[Top][All Lists]

[Date Prev][Date Next][Thread Prev][Thread Next][Date Index][Thread Index]

Re: Using hash instead of timestamps to check for changes.

From: Glen Stark
Subject: Re: Using hash instead of timestamps to check for changes.
Date: Thu, 02 Apr 2015 13:20:21 +0200

Hello Paul

Sorry to take so long to reply.  I wanted to think your input over, and
I've had a pretty heavy load lately.

Signing over the copyright, and any other legal steps won't be a
problem.  My company has no rights to work I do in my own time.  I'm
mainly worried about the technical issues, and finding the time to do
the work.  Until now I've been pretty happy to let Make run in the
background, and haven't put a lot of thought into how it works.
Obviously that will have to change.

I'd like to thank you for your thoughtful response.  I'm gratified that
you took the time to engage in a technical analysis, and start the ball
rolling on the design discussion.  The points you raised merit thought
and discussion.

After reading over your mail a couple of times, I realized that I hadn't
thought things through very well.  In fact, rather than saying "hash
instead of time", I should have said "optional additional hash check
when timestamp has changed".  I think this fixes all the performance
concerns, and opens the door to adding additional checks (like the
is-a-comment-only) check, which I think is an exciting idea.

Here are my additional thoughts:

1 Maintaining the state.

  Your point about Make not maintaining any external state beyond what
  the filesystem tracks is well made.  I'm reluctant to add the extra
  complexity of tracking extra state, and it's clear to me that this
  will likely be the source of some "Oh, I hadn't thought of that"
  moments.  But in this case I think the benefit is worth the cost.

2 Adding additional "is-changed" checks.

  You asked "what if people want to define their own "out-of-date-ness"
  test?".  I found that a really exciting idea.  As I thought about
  this, I realized I what I really want is not to replace Make's current
  behavior, but to add an additional check to the existing timestamp

   My thinking is that the timestamp is in fact an overly conservative
  test.  We never have the case that the timestamp indicates something
  *has not* been changed when in fact it has (i.e. we always build if
  something has changed), but we do have an issue that building is
  unecessarily performed, causing an undue performance penalty -- the
  cost of building the target and its dependants.

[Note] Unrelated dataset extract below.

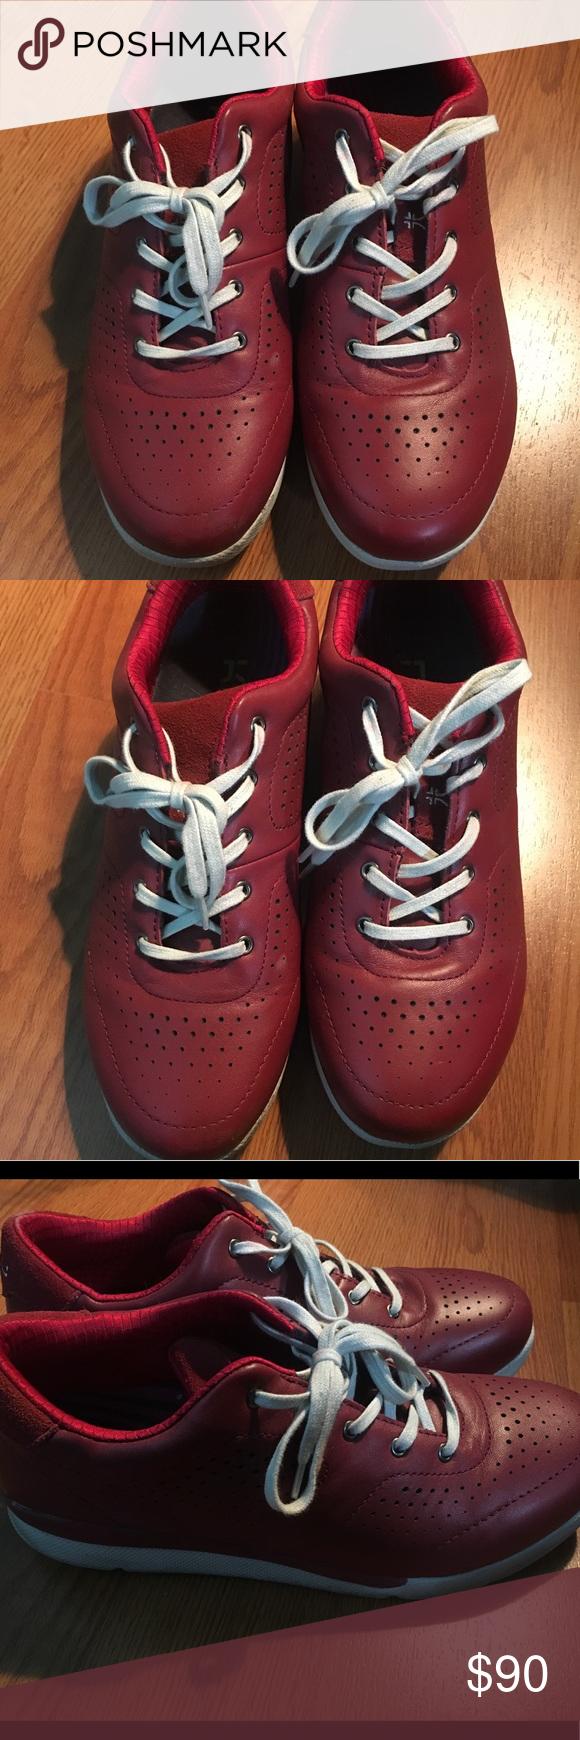 Kuru Lida Maroon Red Sneakers Plantar
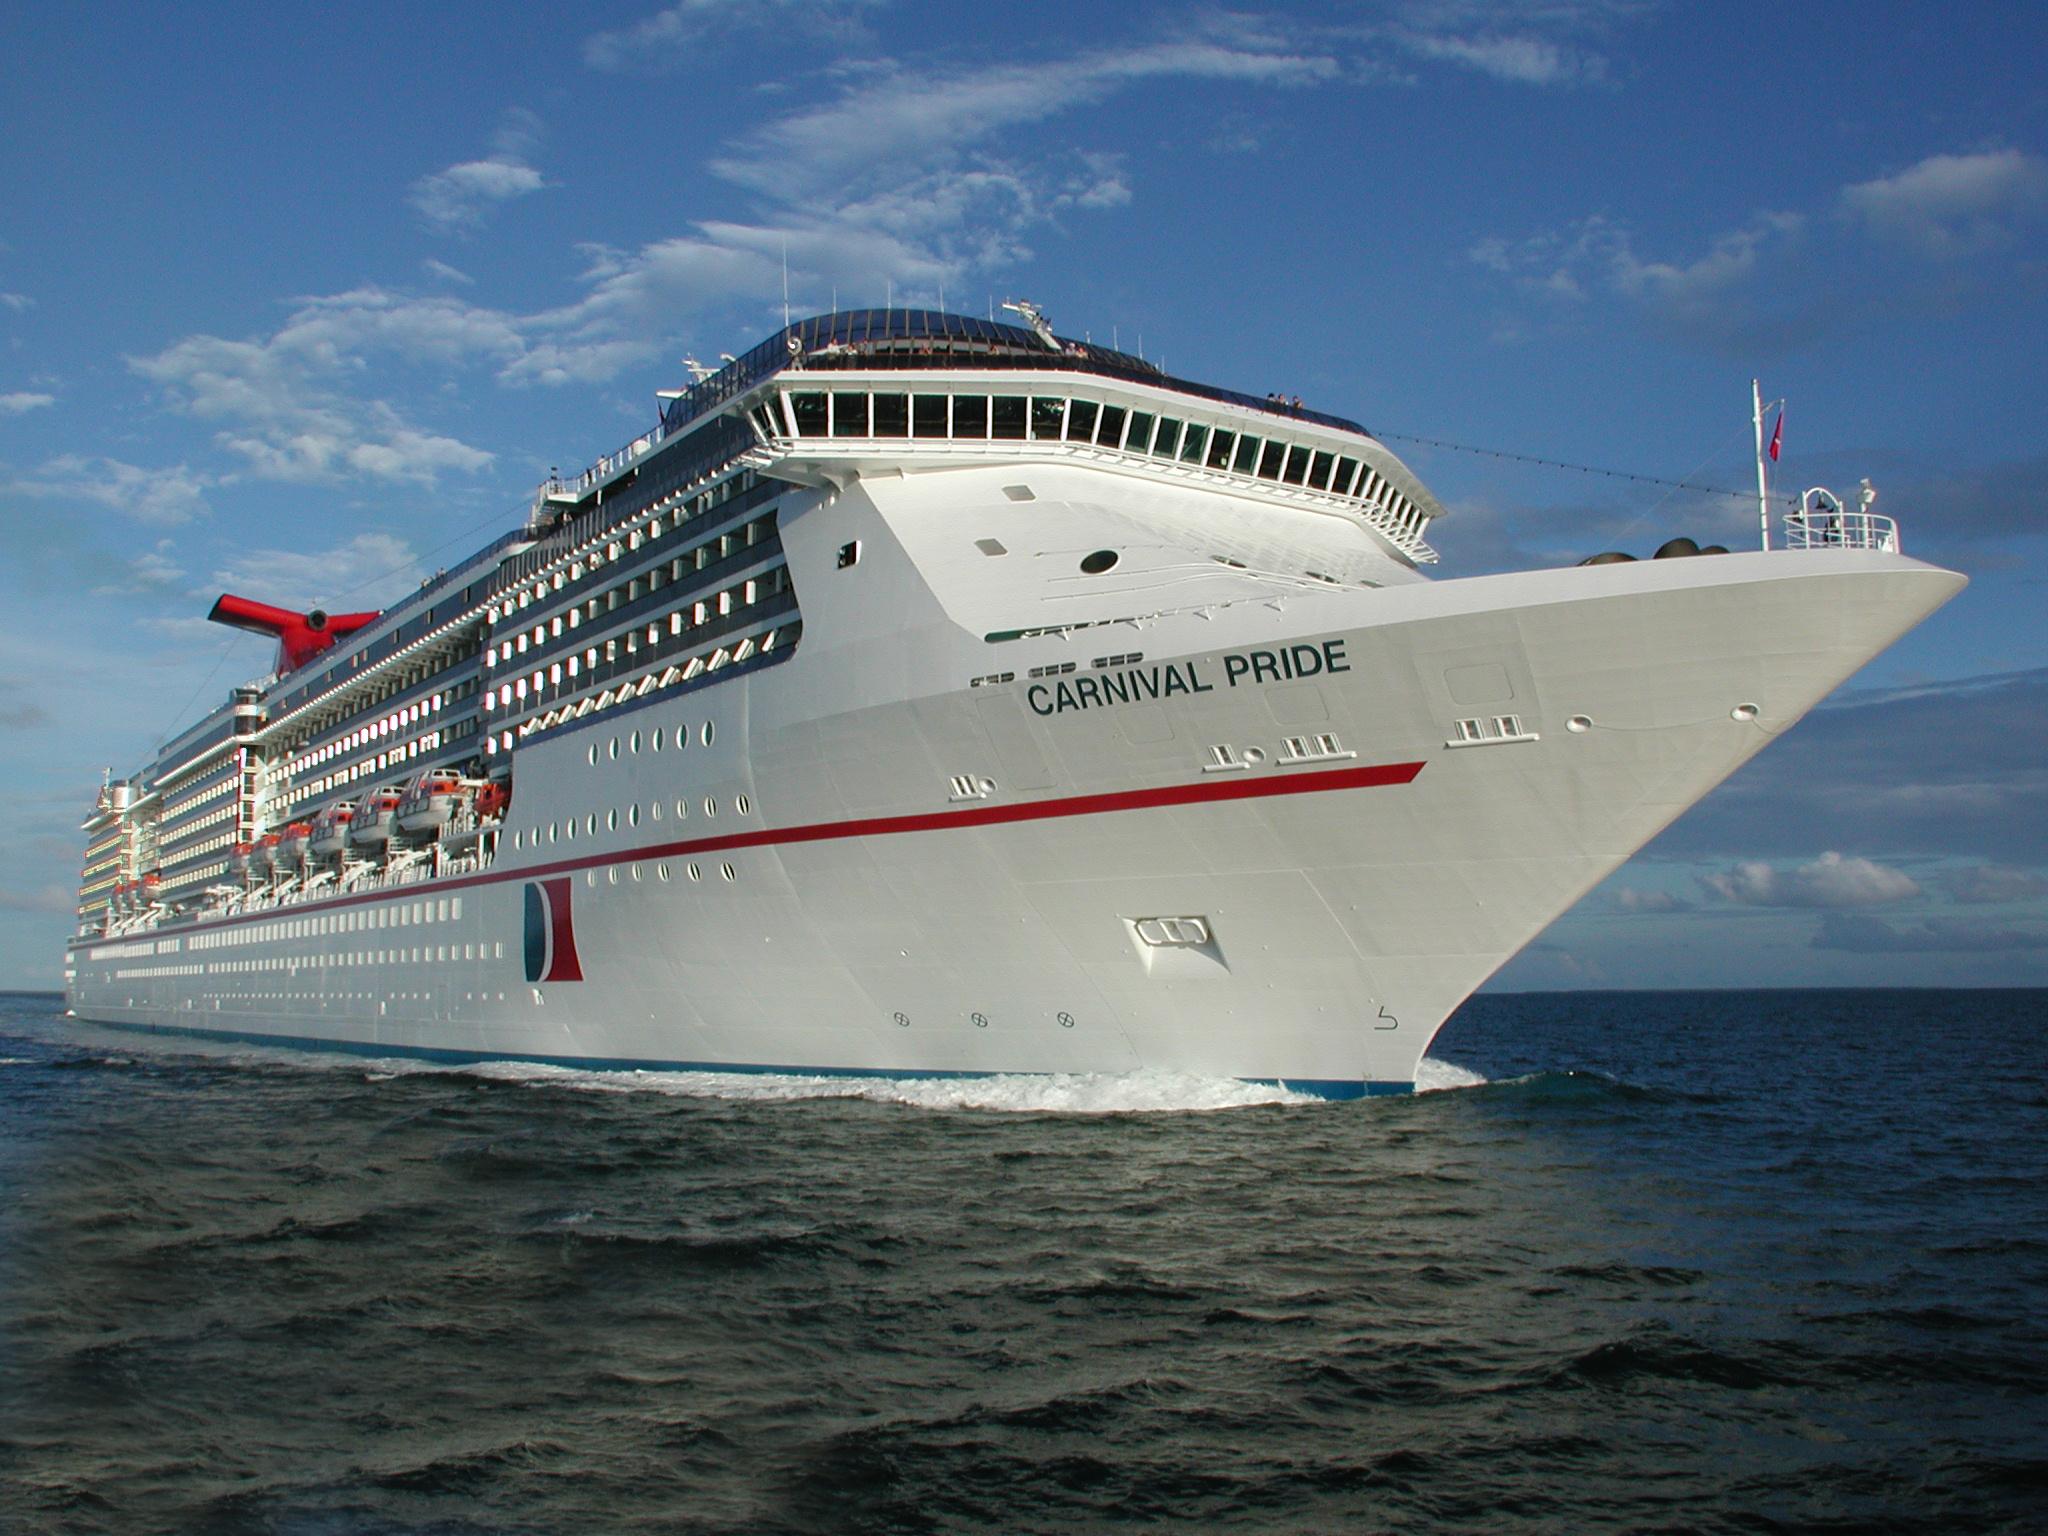 Bermuda cruise deals best cruises to bermuda - 7 Night Bermuda With Carnival Pride Bermuda Cruise

Thus we get a big
  build-time win whenever the additional test takes less time than
  building the target and its dependants.

  I think it's very important that Make remain reliable from the point
  of view that if something *should* be built, it *will* be built.
  Unecessarily rebuilding something is less of a fail than failing to
  rebuild something which should be.

  So I propose modify Make to accept a tool to perform additional
  checks, the first being a hash checker.  Any additional checkers
  should have the property that while they may return a false positive,
  they never return a false negative (they never incorrectly say no,
  nothing important was changed).

  We need only specify the interface of that tool, and people can write
  tools which satisfy their needs -- I'm interested in exploring the
  hash tool first, but might be interested in making further such
  'plugins', and projects with special needs could specify their own.
  Very exciting.

  As I see it, like this, the project becomes a way of simplifying the
  syntax of Yukimasa Sugizaki's suggestion, and officially supporting
  that workflow.

  My off-the-cuff suggestion for the interface of the external tool
  would be a simple executable, returning 0 if no rebuid is needed, 1 if
  one is needed, and perhaps another number(s) for error cases .  This
  strikes me as having several advantages -- the biggest being the
  flexibility it offers Make users.  For the case where users want to
  apply mutltiple additional criteria requiring state, this could be
  done in a single file.

  The only downside I see is the performance cost of starting and
  terminating the executable, but I'm assuming this will be small in
  comparision to the file-access operations, and non-existant compared
  to the cost of unecessary builds.  I guess the relevant benchmark will
  be increase in clean build time, which I imagine will be negligent for
  most real cases.

3 One file per target

  - The issues you raised regarding one-file-per-directory are tricky
    and would significantly slow development.  I especialy think the
    concurrency issues would be nice to avoid, at least in a first
  - One file per target would mean approximately factor 2 increase in
    the number of build targets.  Not beautiful, but only systems which
    are already approaching their limits would be affected.  These
    systems could continue using the default Make (timestamp based)
  - This somehow seems more consistent with Make's current behavior to
    me, which in turn seems lower risk.
  - I don't have any better ideas.
  - For projects on teams where 2n build targets is impractical, they
    can use the default, timestamp only behavior.

4 What kind of state?

  Based on the performance and reliability of GIT, I'm inclined to
  suggest using SHA1 stored in a one-file-per-target basis.  To start
  with I think making it a text file is reasonable.  I'm unfamiliar with
  xxhash, but I'm open to trying anything.  With the right
  implementation it should be trivial to evaluate a few possibilities.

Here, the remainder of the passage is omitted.